| Work required |
Should a picture appear anywhere in the data, omit it and copy everything else exactly.

| Dataset extract |
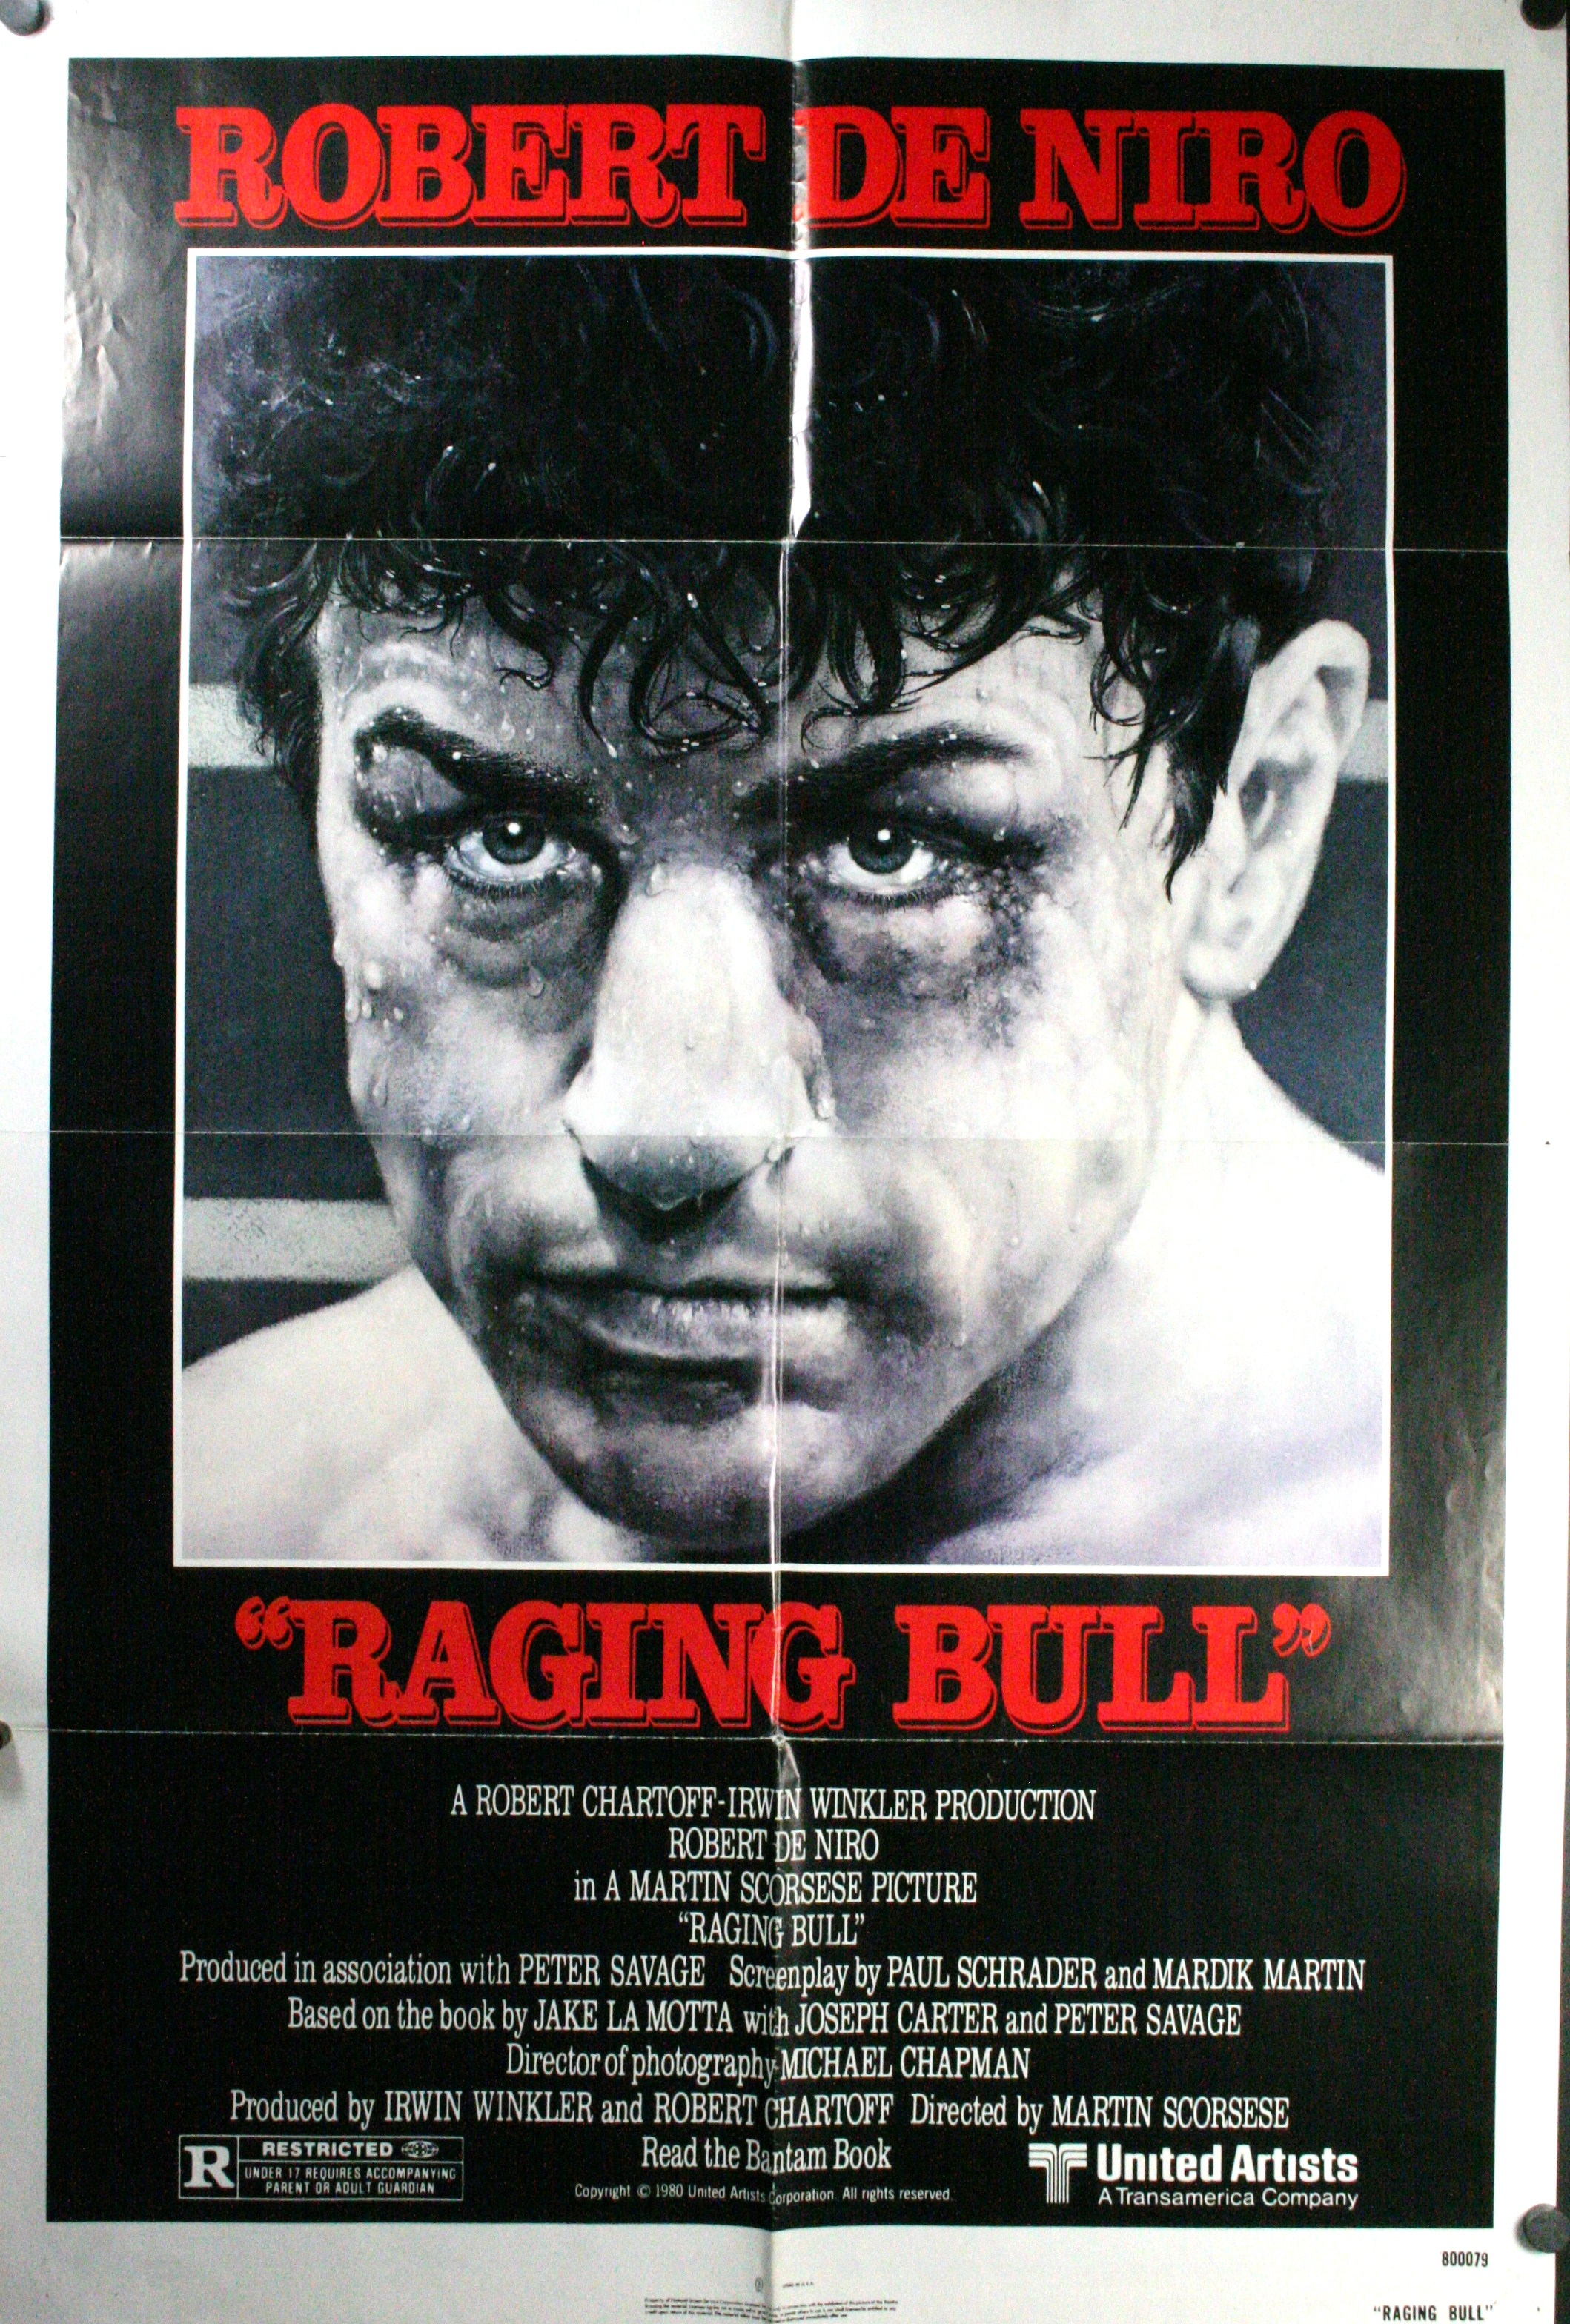 RAGING BULL, Original Vintage Movie Poster
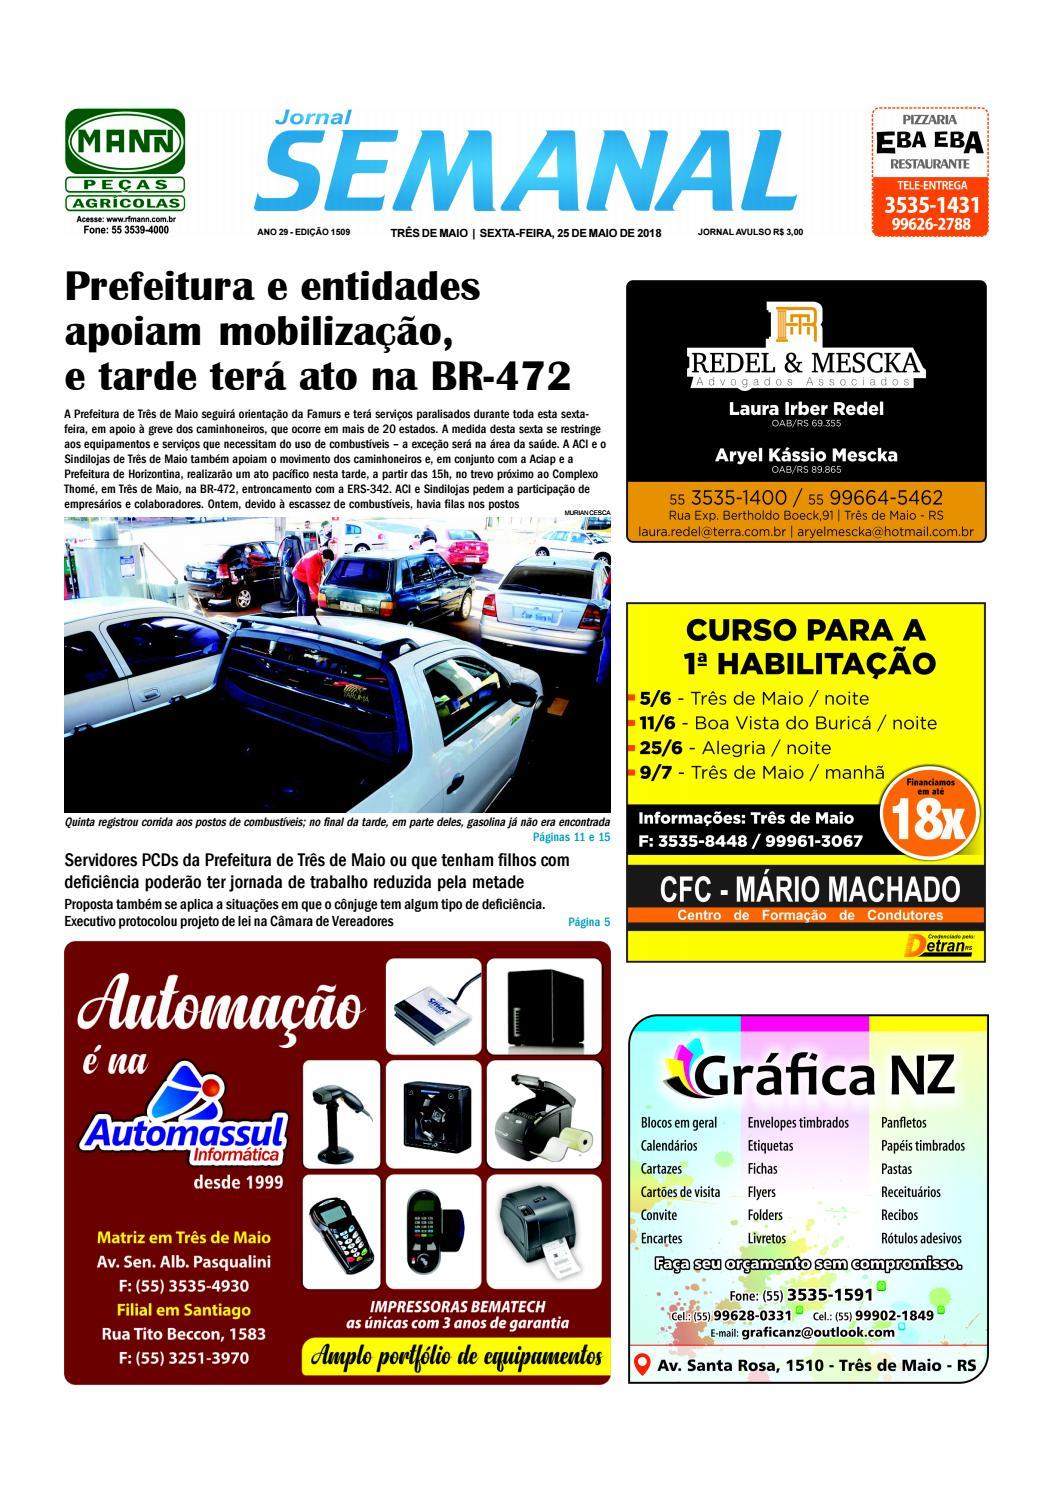 0bcb8cdebf4 Semanal 25 de maio de 2018 - Ed. 1509 by JORNAL Semanal - issuu
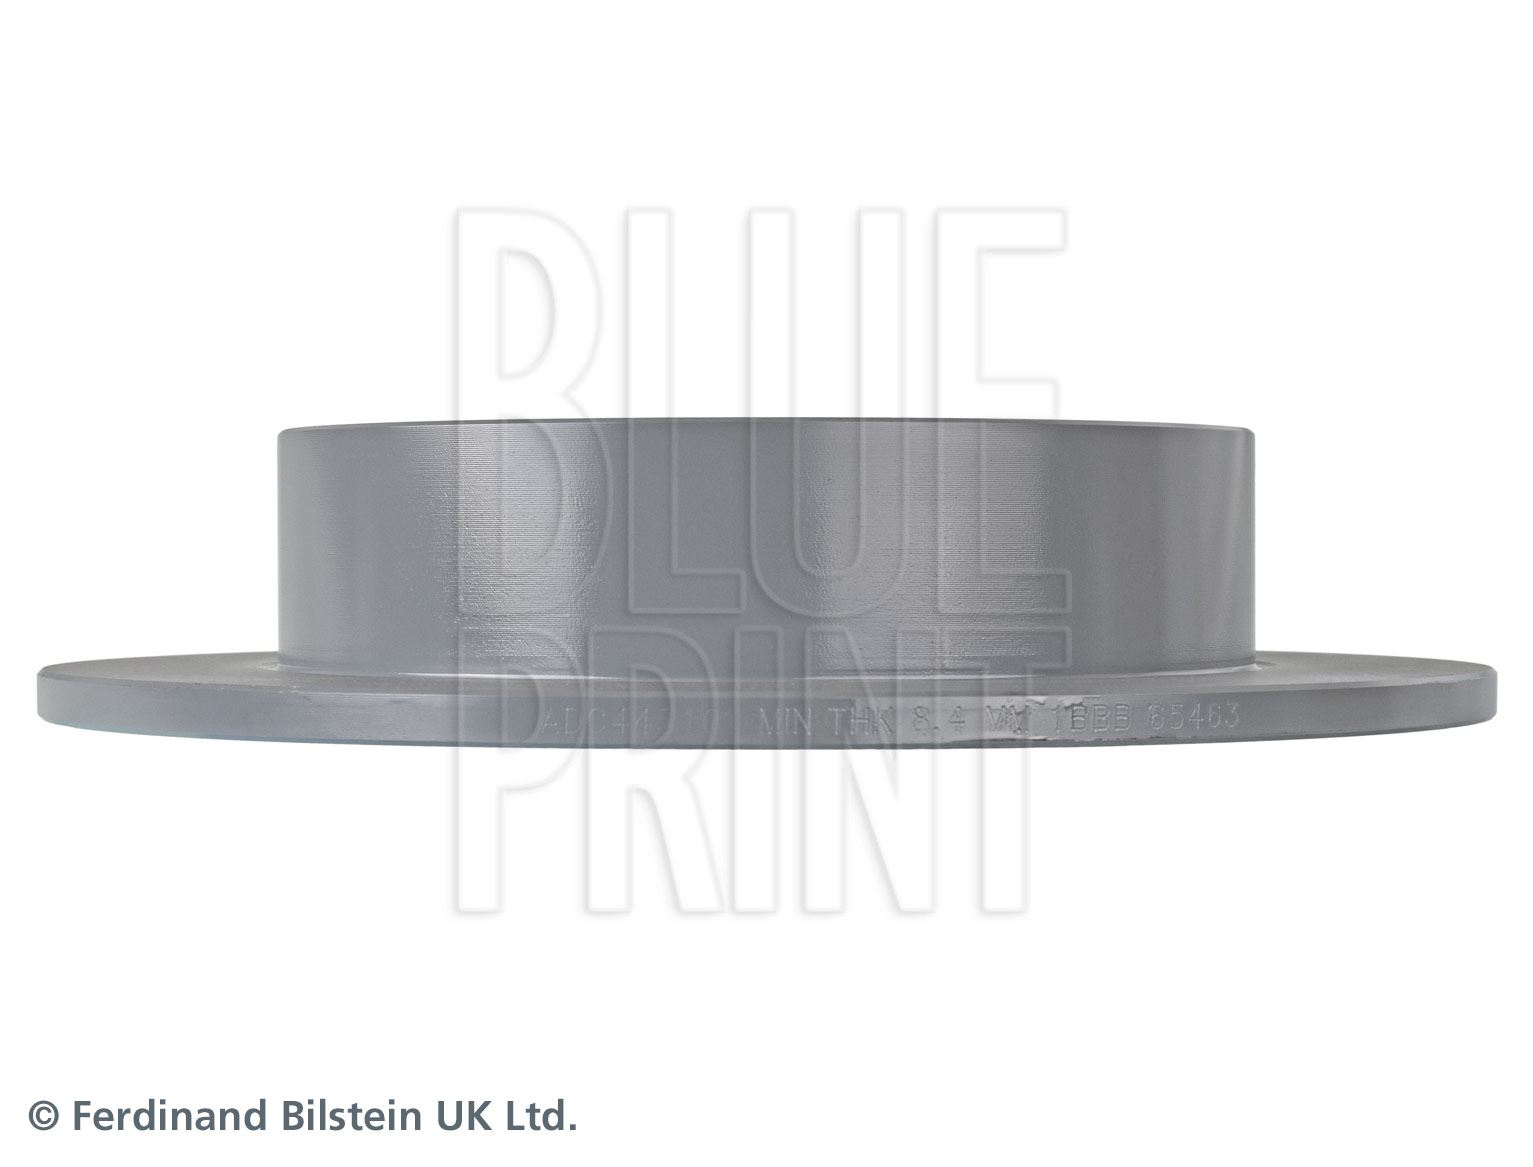 PDKR537 EBC Rear Brake Kit Ultimax Pads /& Standard Discs

| Problem solution |
 RAGING BULL, Original Vintage Movie Poster
 0bcb8cdebf4 Semanal 25 de maio de 2018 - Ed. 1509 by JORNAL Semanal - issuu
 PDKR537 EBC Rear Brake Kit Ultimax Pads /& Standard Discs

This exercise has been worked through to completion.